Через час загремел экипаж княжеский и в самых воротах столкнулся с старинными дрожками, на которых приехал духовник княгини.
Инока ввели в комнату Эммы. Больная сидела в больших креслах против окна, обложенная подушками.
— Отец мой! — сказала ему Эмма слабым, едва слышным голосом. — Теперь скоро кончится все: и борьба, и страдание. Одна просьба к вам, моему последнему утешителю на земле: совершите надо мною святое таинство обращения в православную веру и, заклинаю вас, упросите княгиню, чтобы меня похоронили на здешнем сельском кладбище.
— Дочь моя! благословенно твое желание, и святая церковь православная всегда готова принять прибегающего к ней. Но что за мысль о кладбище…

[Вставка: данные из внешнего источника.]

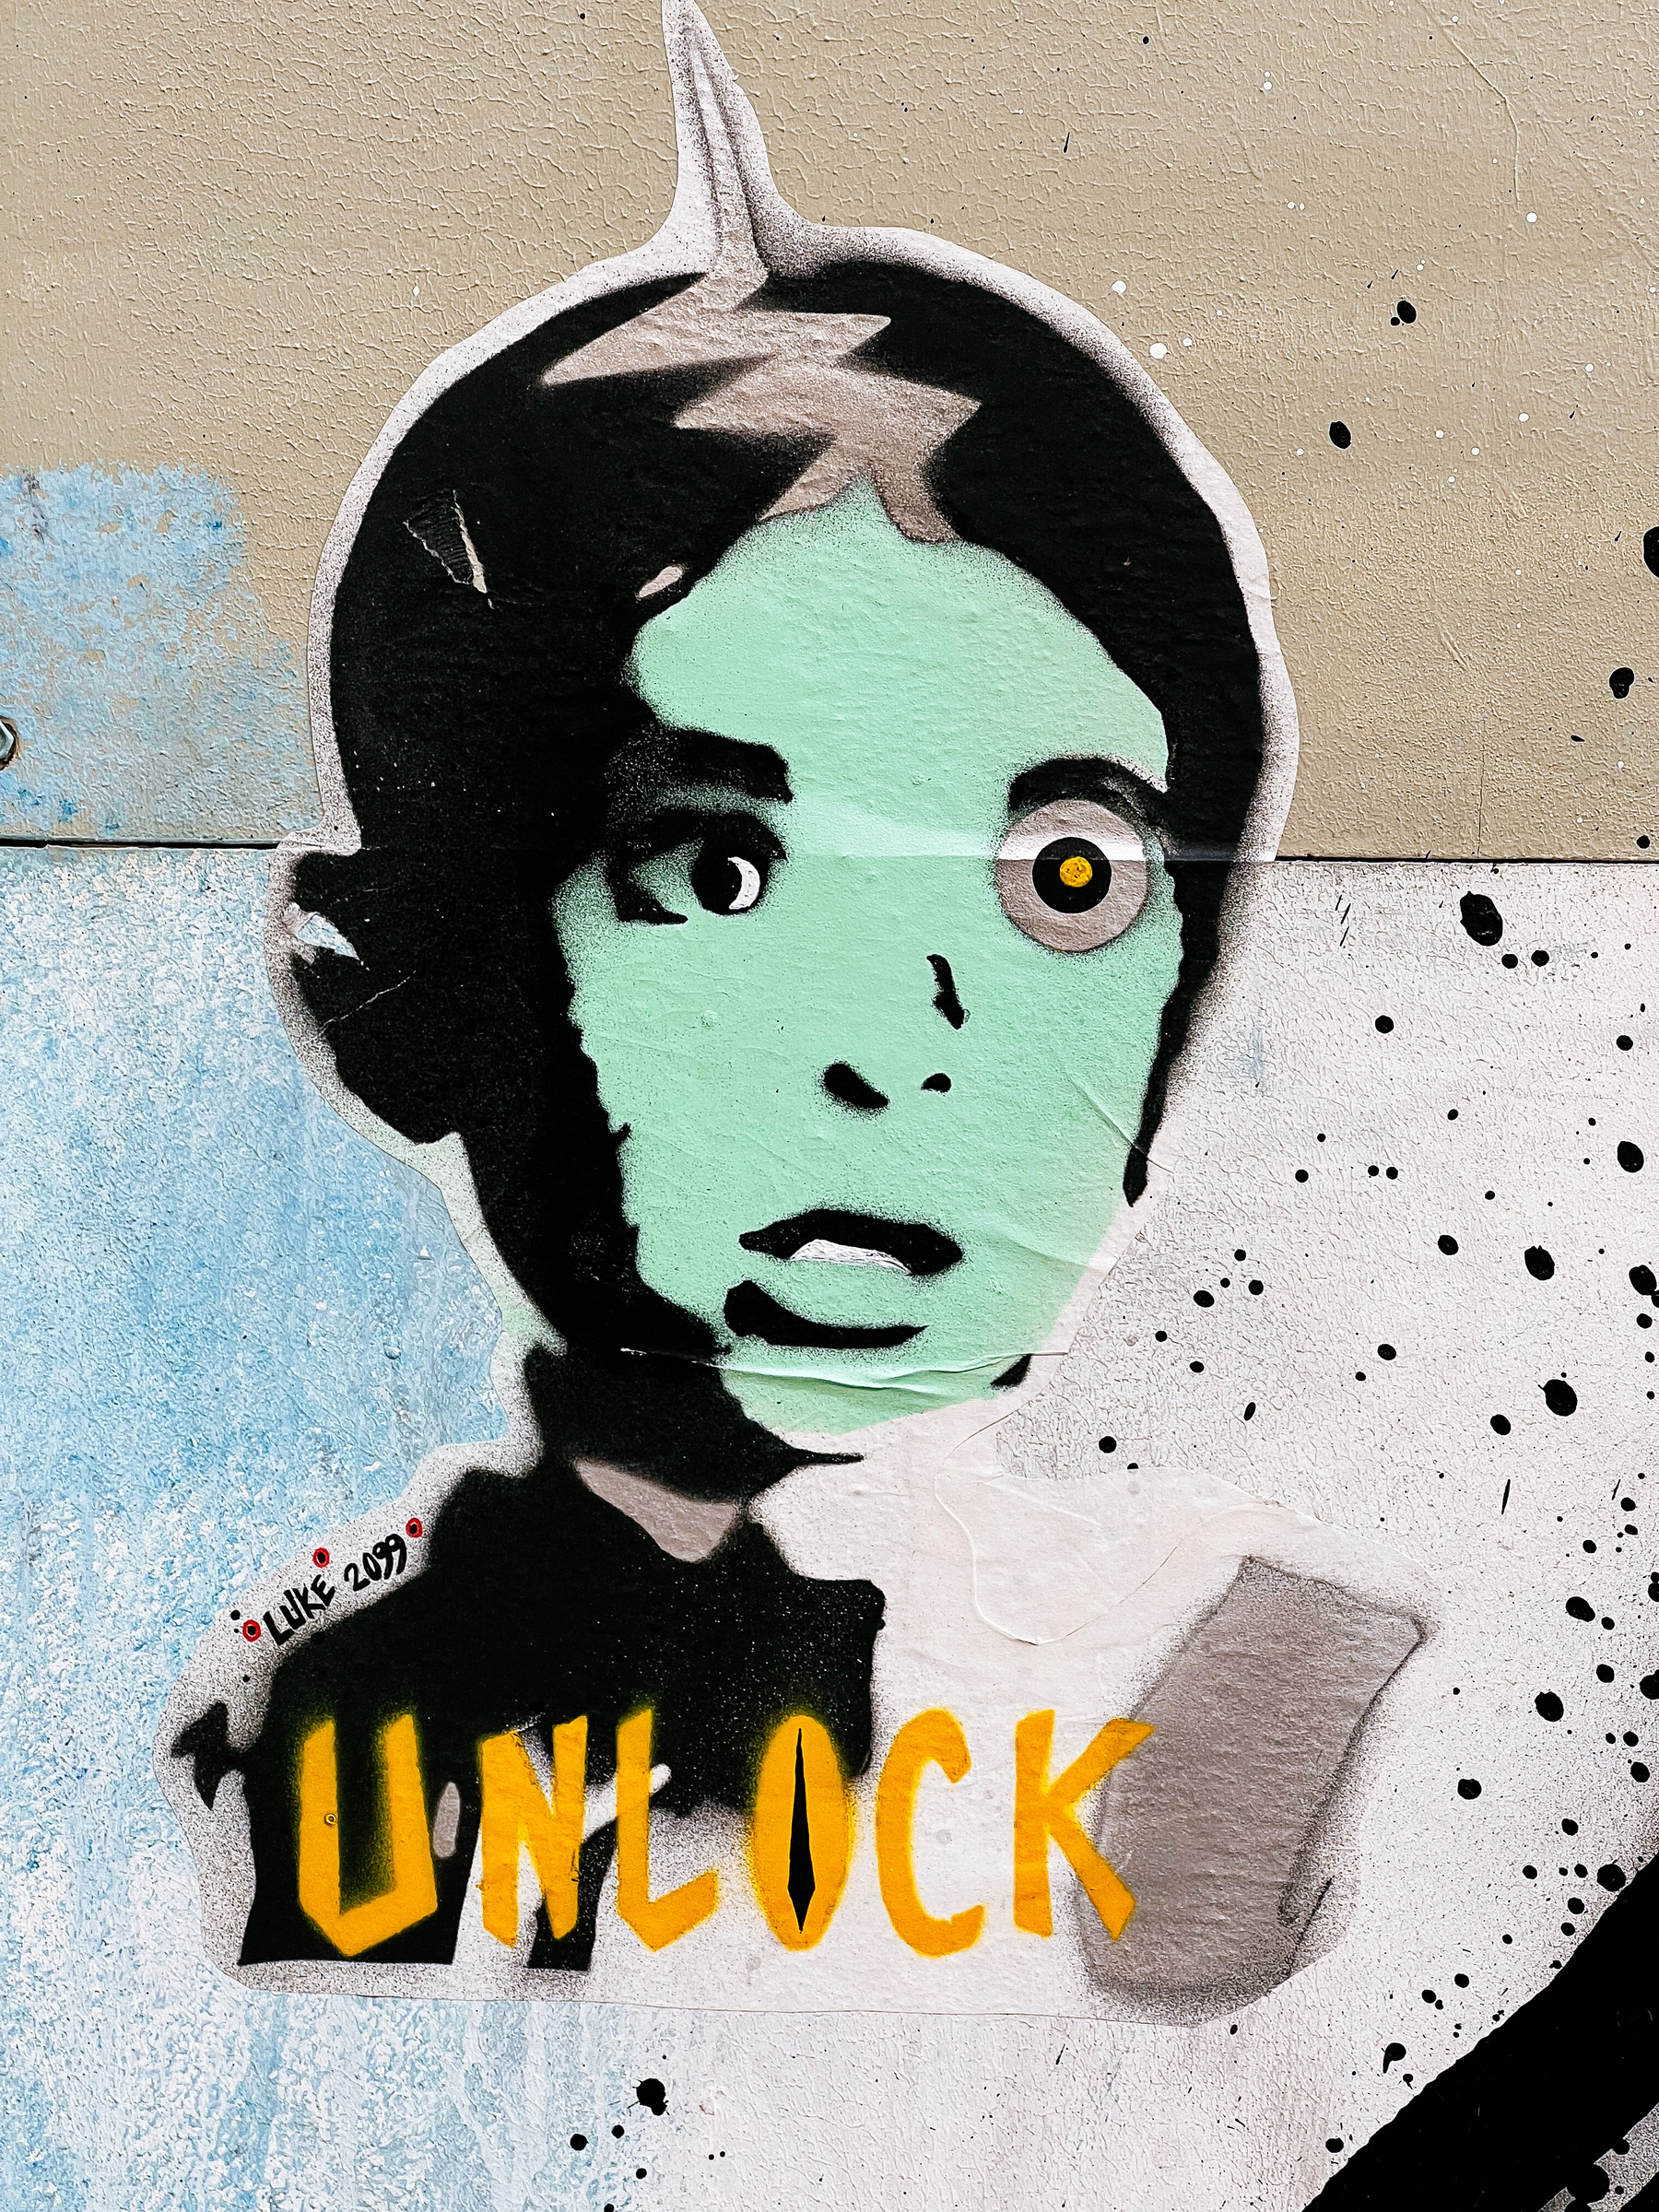 Spooky kid’s face on a sticker, with “unlock” written beneath it. 
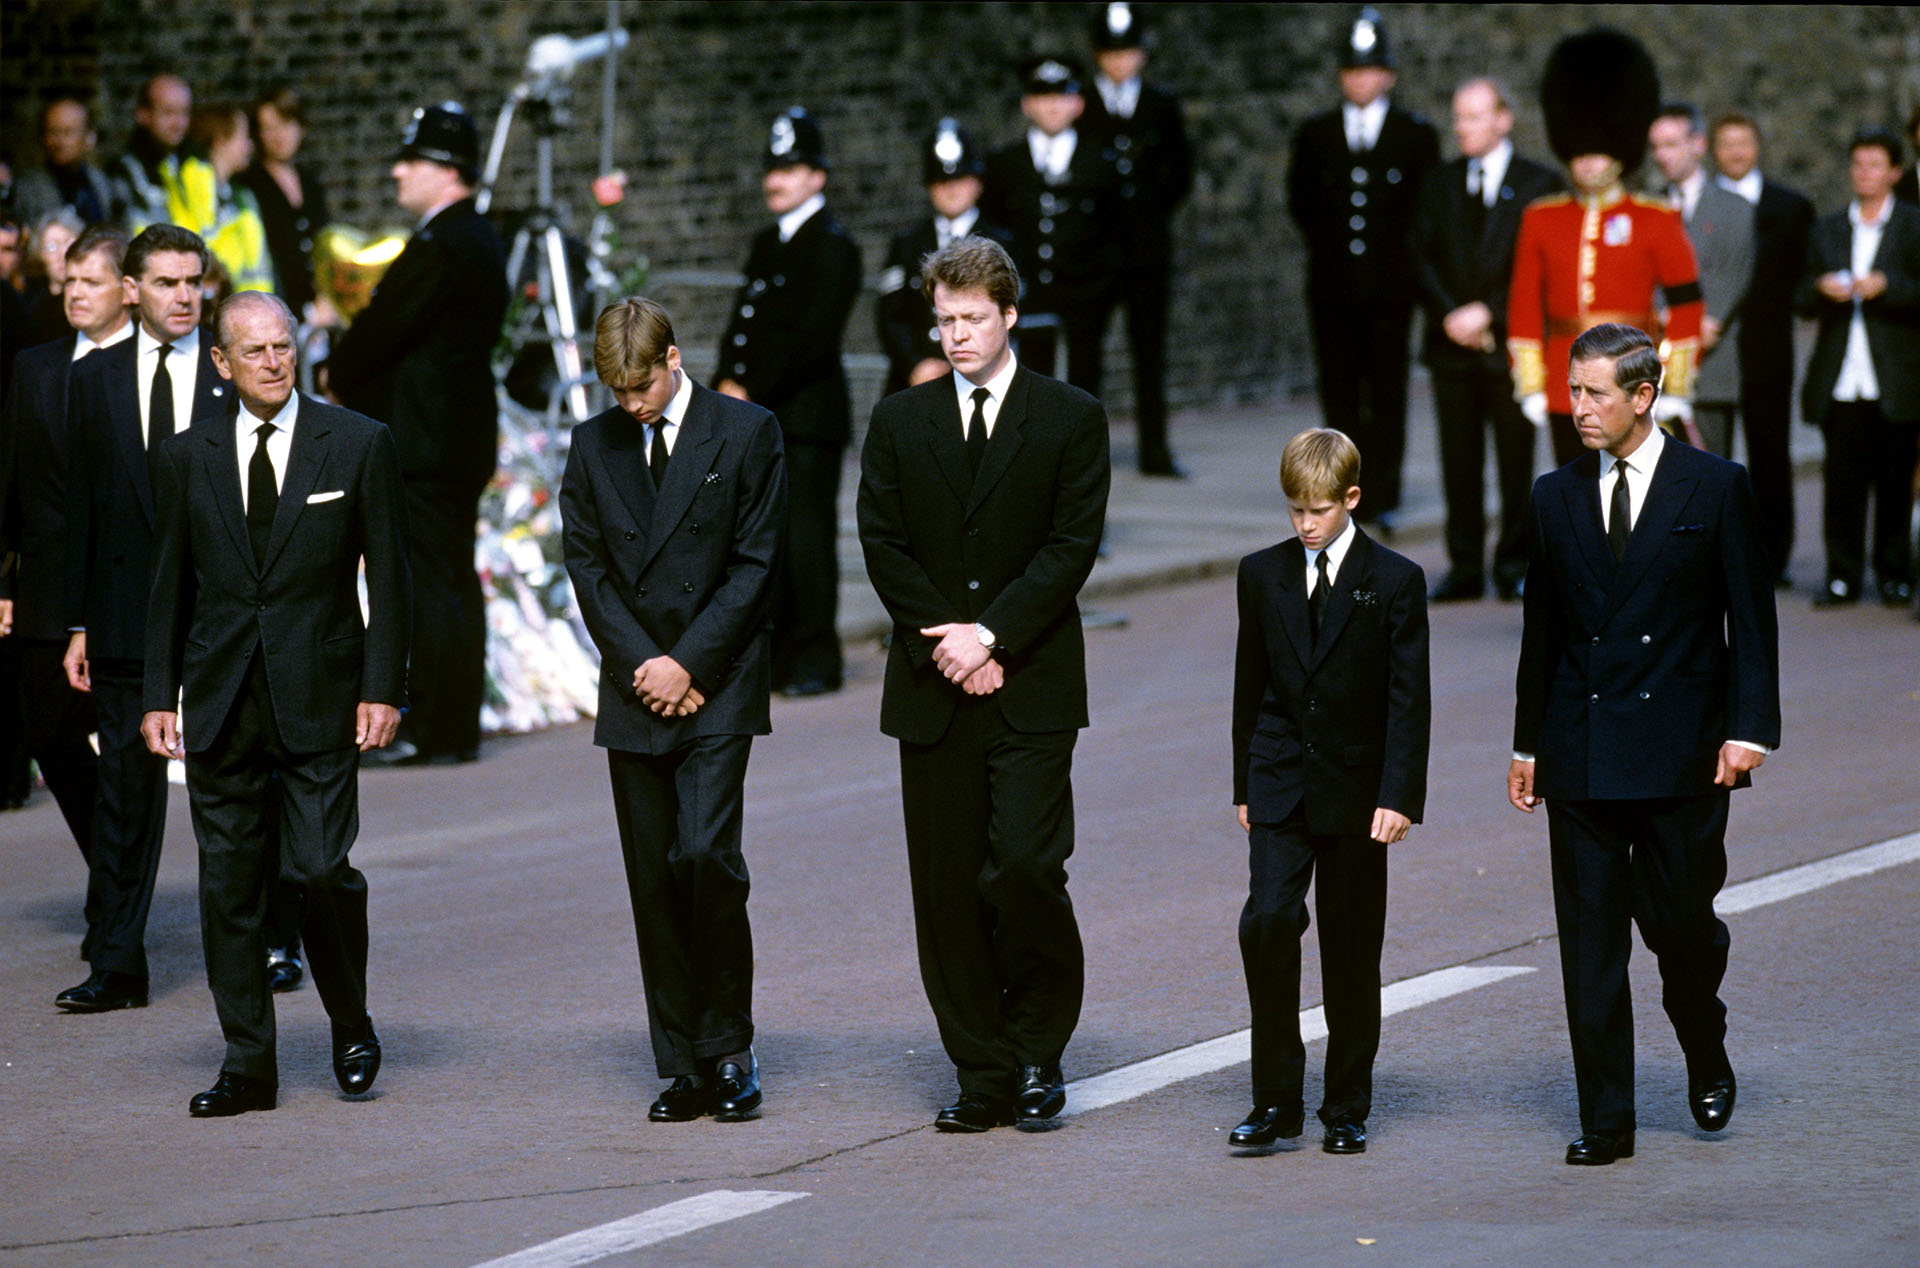 Lady Di falleció el 31 de agosto de 1997 y su funeral se ofició en Londres una semana después, el 6 de septiembre. El evento paralizó Londres, donde aproximadamente un millón de personas se acercaron a ver pasar el cortejo fúnebre,  (The Grosby Group)

— Неужели это грех? Здесь положены его предки… здесь положат и его, где бы он ни умер и сколько бы еще лет ни прожил. Боже! дай ему жизнь долголетнюю и счастливую; но придет и его череда. Бренные кости мои возрадуются, что на одной божией ниве восстанем мы некогда: восстану я — не упрекать его, но встретить взором святой любви, которого не узнать ему в здешней жизни; восстанет и он — не отвергнуть меня, но вместе приблизиться к трону любви бесконечной.
Благочестивый инок не мог удержать слез своих. Он положил обе руки на голову Эммы и молился о ней…
Едва кончился обряд миропомазания и Эмма причастилась св. тайн, когда тихо вошла в комнату Фанни и со слезами упала у ног своей подруги.
— Неужели и дедушка приехал с тобою? — спросила Эмма беспокойно.
— Нет, я одна.
— Слава богу! я не дождусь его, если он приедет завтра… Сядь здесь, подле меня, Фанни; подвинь мои кресла сюда, поближе к окну.